Hi! I don't see anything wrong with it; I think it's a neat design. However, I think you might have misunderstood me... I'm not running the logo search or anything, I'm just another person sending in some ideas. If you want yours entered (I think you should, it's well-made) then you should send it to Dave, one of the site administrators at [email protected]. If you want me to send it in for you (I will tell Dave that you made it, of course) then just let me know. Good luck!!


----------



## Buggy (Jan 27, 2011)

Thanks!Yeah it will be nice if you send it to Dave.Thank you trace.If you are busy just tell me i will try to send it myself.I will make more.


----------



## trace (Jul 3, 2011)

Buggy said:


> Thanks!Yeah it will be nice if you send it to Dave.Thank you trace.If you are busy just tell me i will try to send it myself.I will make more.


I will send it in immediately. You're very welcome!


----------



## trace (Jul 3, 2011)

OK, this is my last logo.

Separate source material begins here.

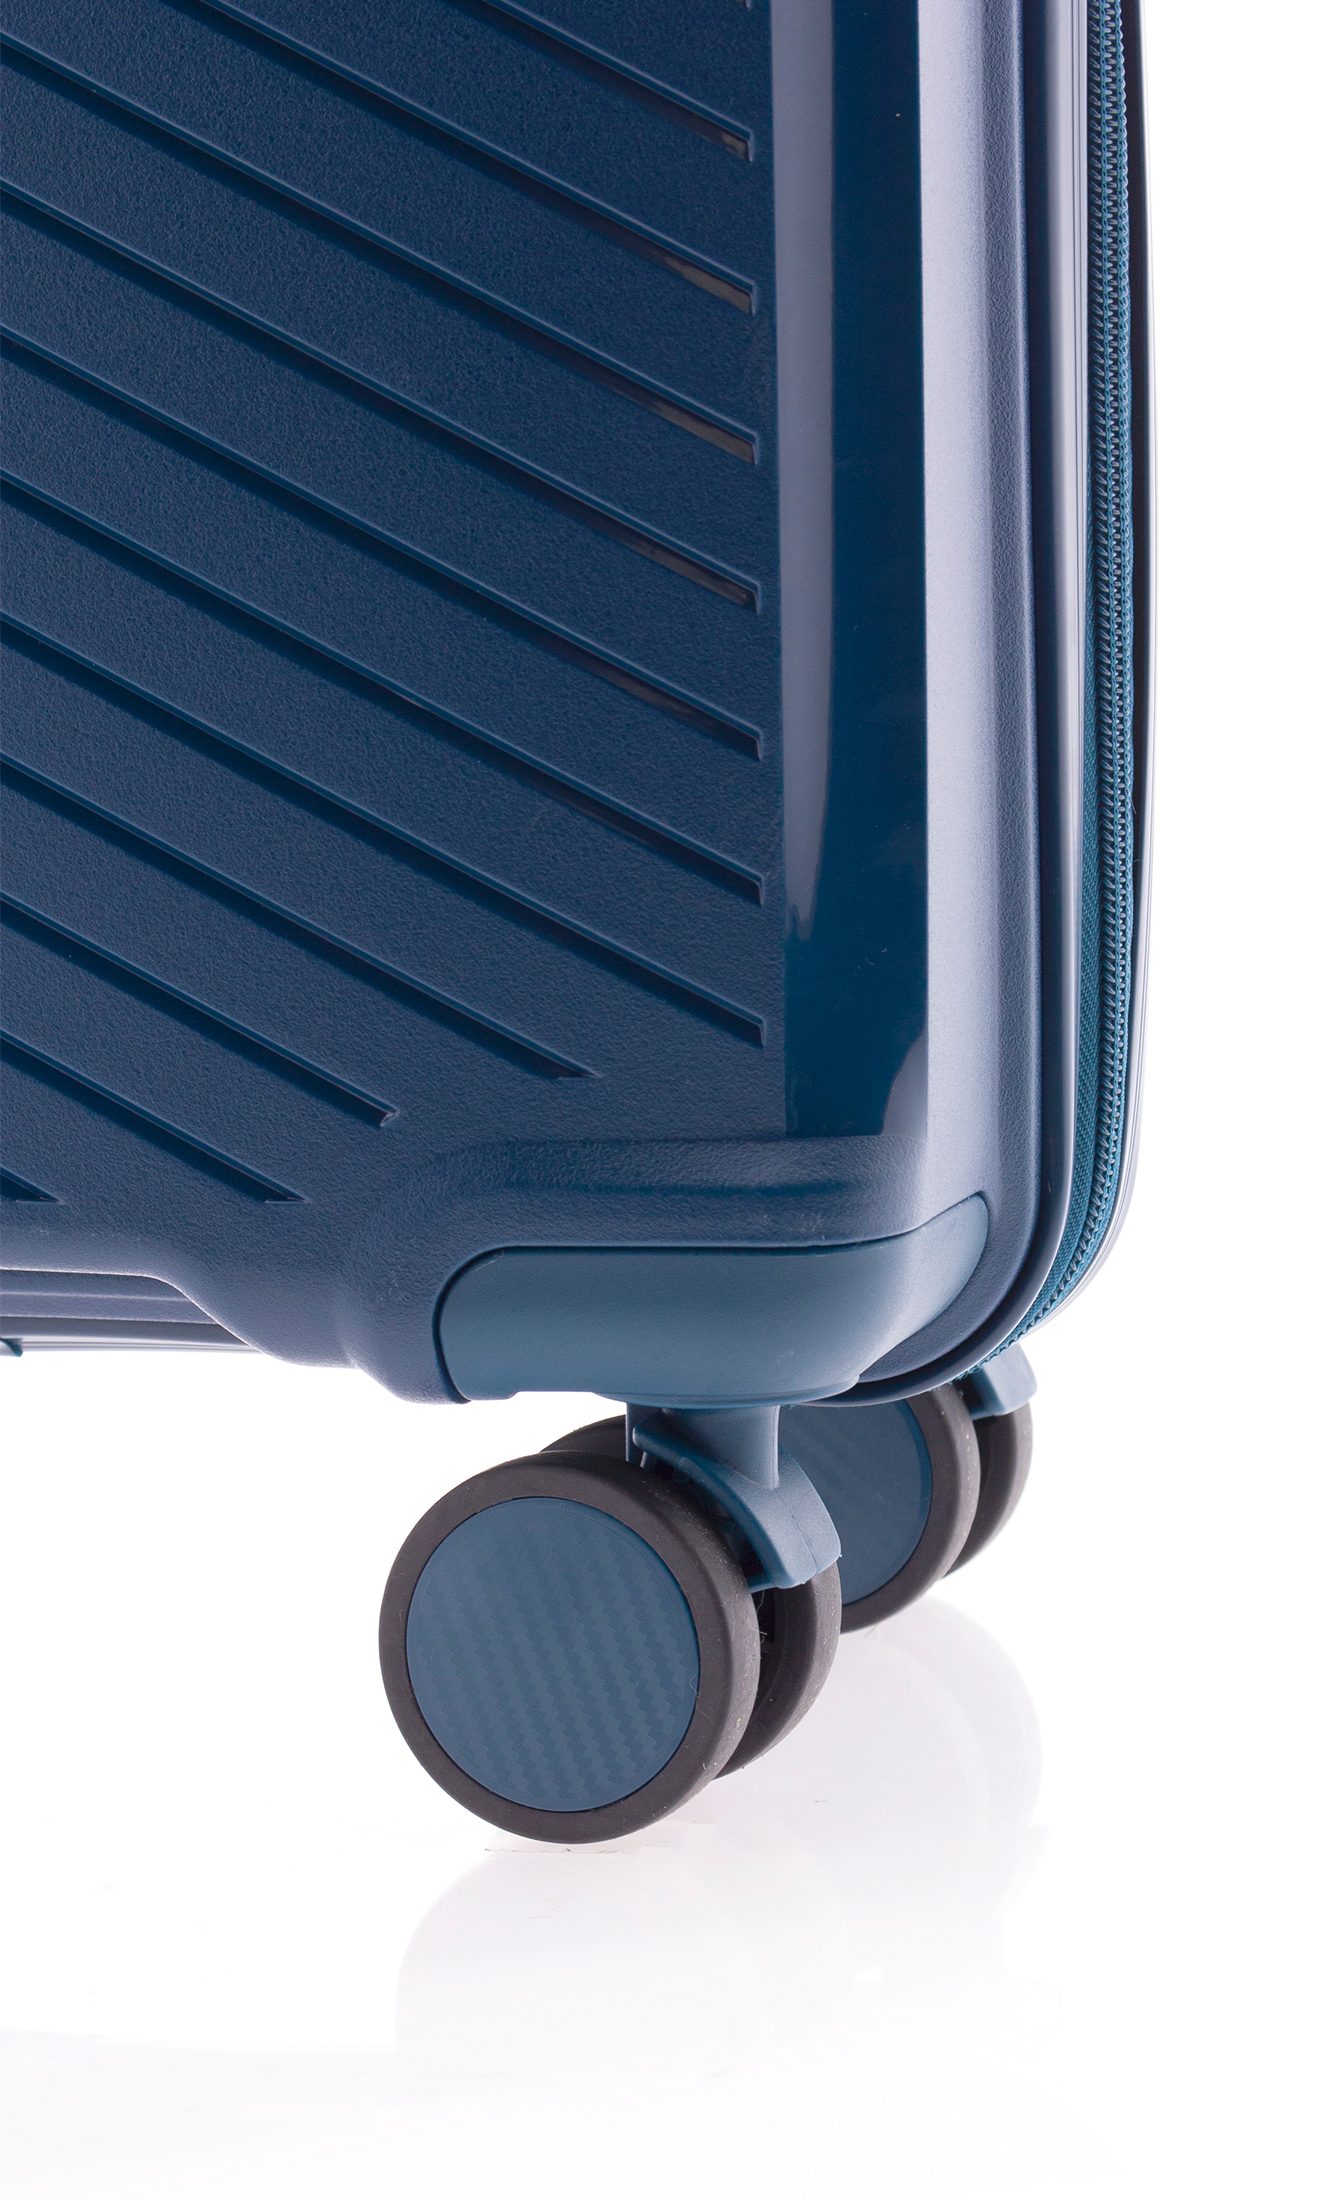 - Hartschalen-Trolley od. 4 cm, 75 GLADIATOR Polycarbonat, XL blau Koffer limette TSA-Schloss, rot, Rollen, schwarz,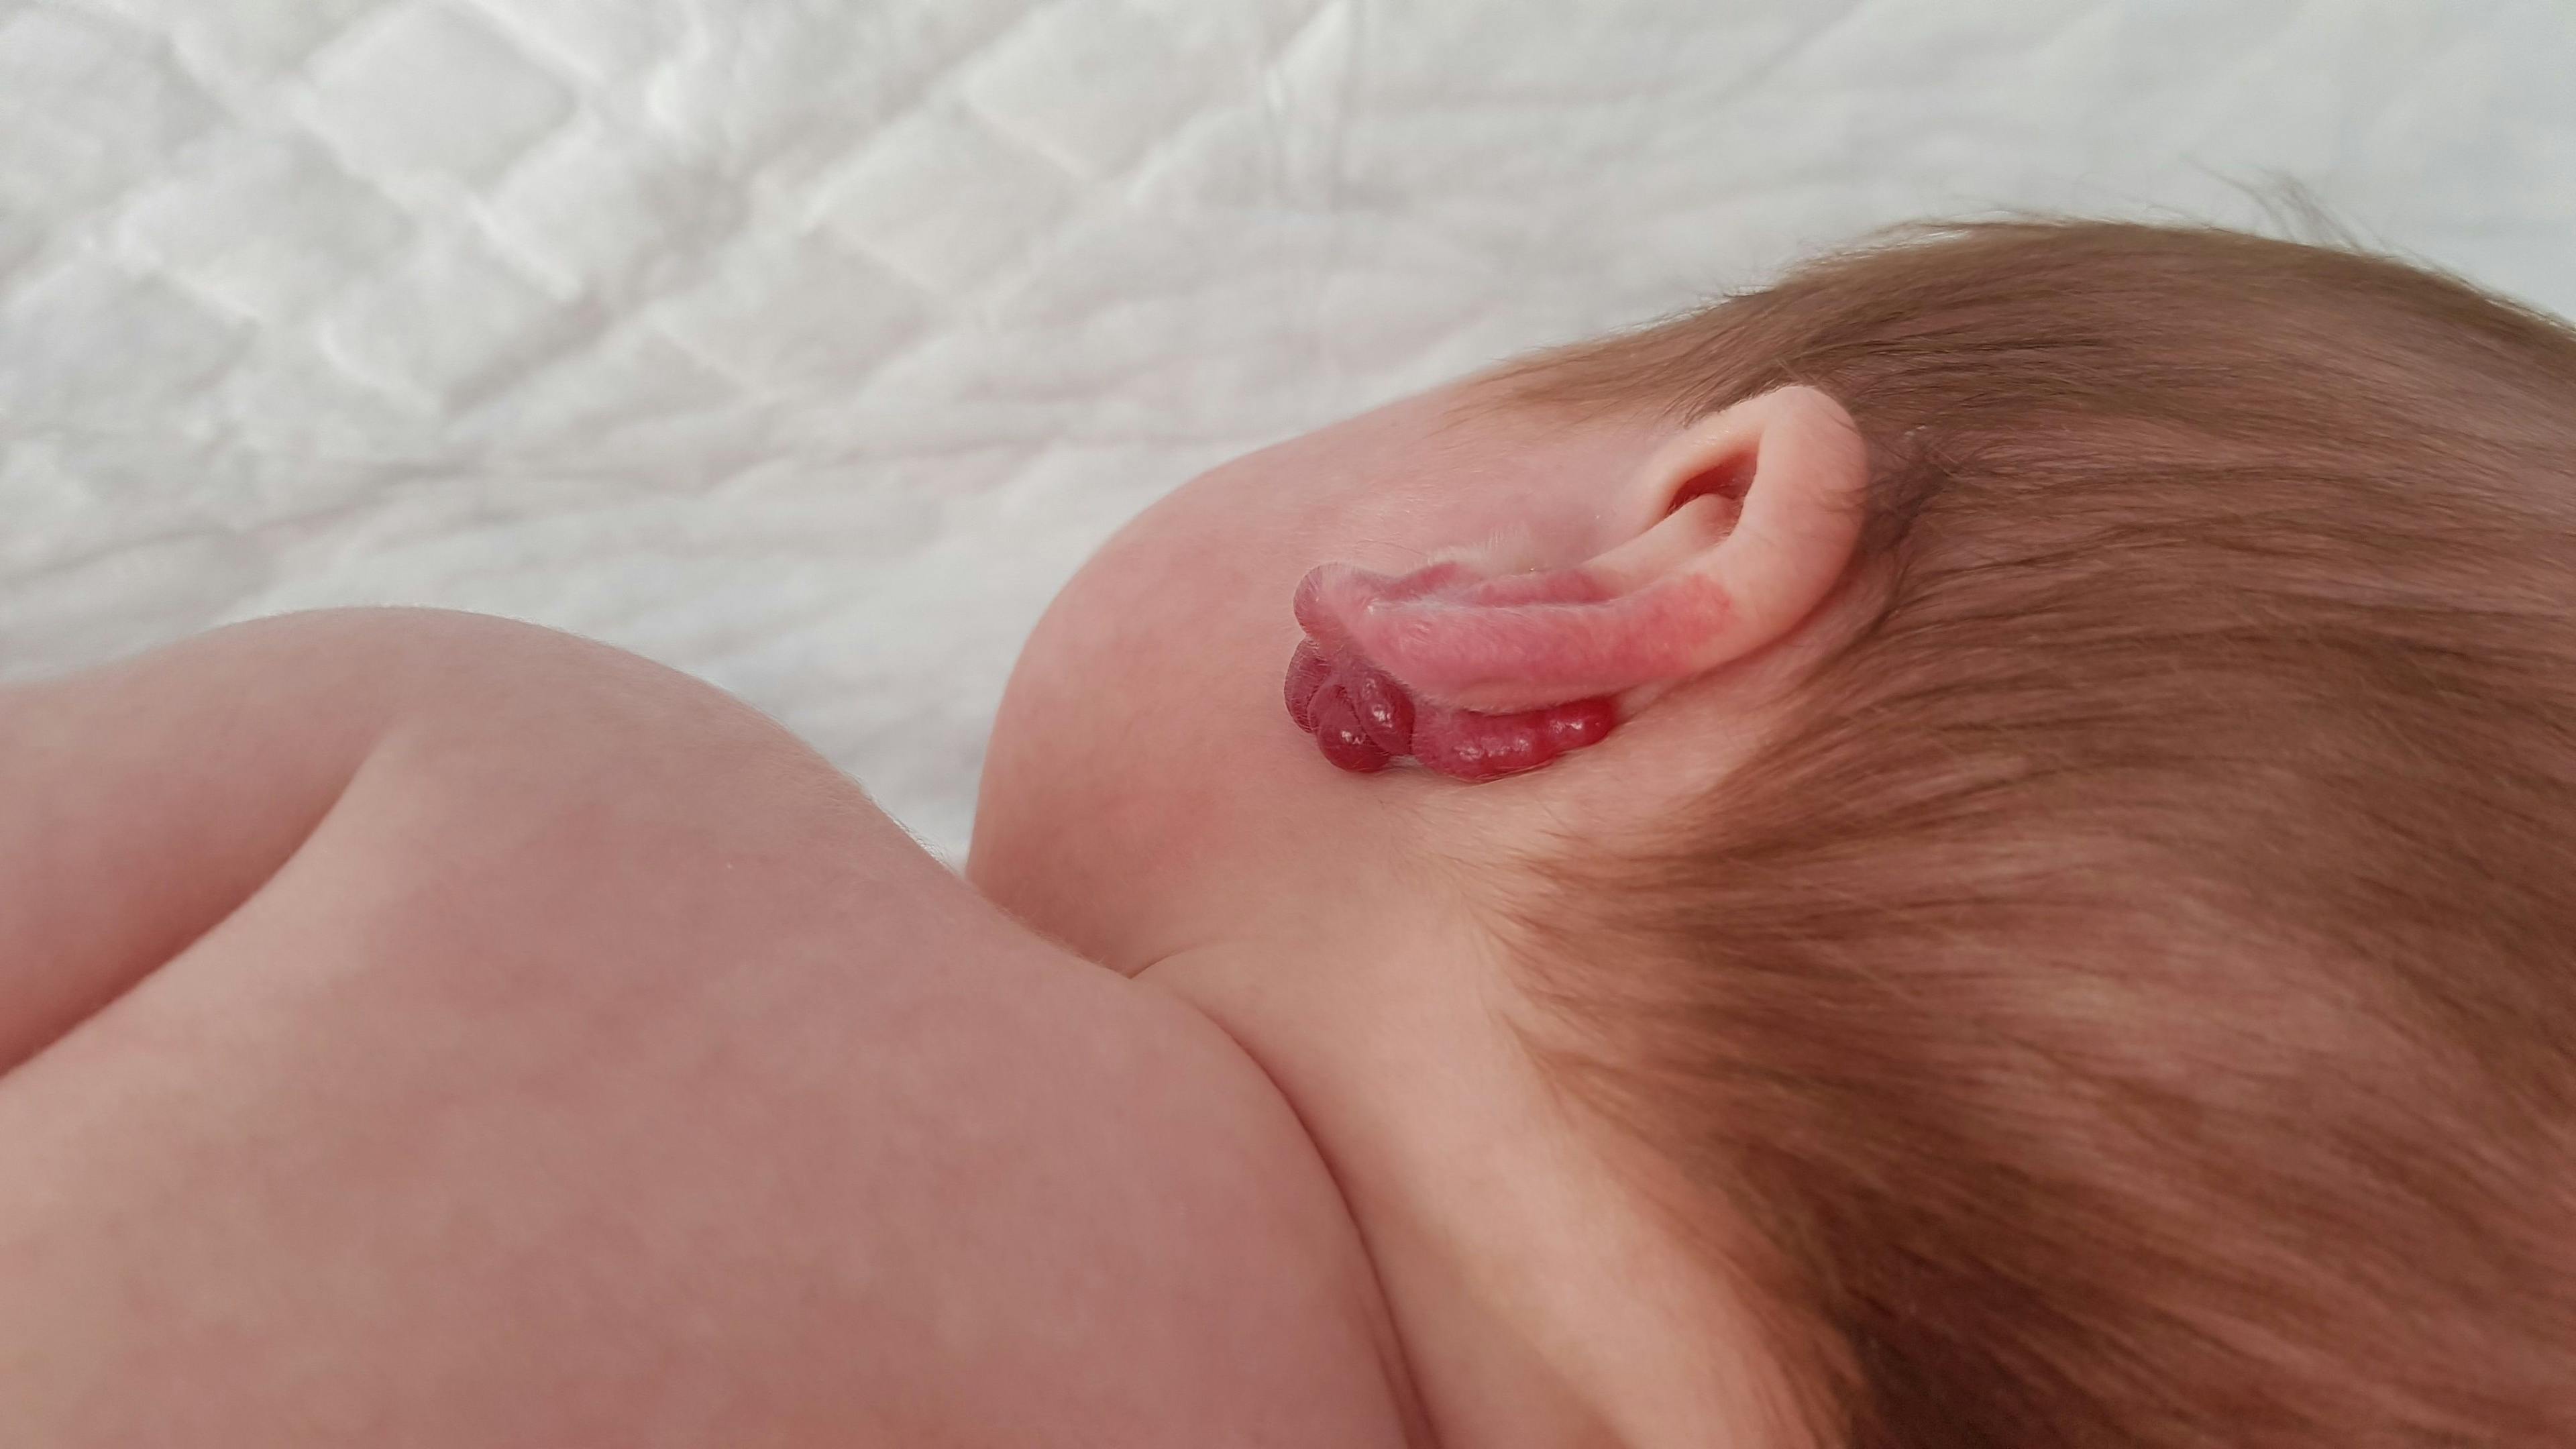 Severe Hemorrhage from Infantile Hemangioma

Thank you to everyone who provided their pictures, it was very generous of you all and I'm sorry I couldn't use some from everybody! :'D










The bird is lperry82's. 

It's pretty simple, but I like the color scheme + the fonts. I had to draw the silhouette freehand, which was a little difficult.

Again, the blue background is derived from Dave's v3 preview layout for TC.


----------



## dudeitsapril (Apr 28, 2011)

i'm glad you used Piper's pic. Best of luck to you!


----------



## lperry82 (Aug 2, 2010)

Looks good


----------



## trace (Jul 3, 2011)

Thanks, april and lperry!


----------



## Belinda (Oct 9, 2010)

I really like your last one!! it looks great, and love the silhouette, but I would like to see a little colour other than the blue and gray though. It's so depressing. Maybe a colour to set off the blue and liven it up a bit like a muted orange (could colour-pick a tiel and then scale the colour back a little if it looks garish) something like this:


----------



## trace (Jul 3, 2011)

Belinda said:


> I really like your last one!! it looks great, and love the silhouette, but I would like to see a little colour other than the blue and gray though. It's so depressing. Maybe a colour to set off the blue and liven it up a bit like a muted orange (could colour-pick a tiel and then scale the colour back a little if it looks garish) something like this:


Thank you!! :'D

Yeah, I totally understand. Unfortunately I can't change the blue background, since that's part of the forum's layout that Dave chose, but I CAN change some of the text/image color of the logo. Thanks so much for your input and pictures, I'll let you know once I edit the image!


----------



## Belinda (Oct 9, 2010)

Yeah, even if you have to keep the background - it's not a bad blue... it looks nice with white - and it's a better blue than the current banner, would just be nice to introduce another colour if the rest of the forum is blue like it currently is - would make the banner pop out at ya! Good luck with it! Can't wait for the new forum layout.


----------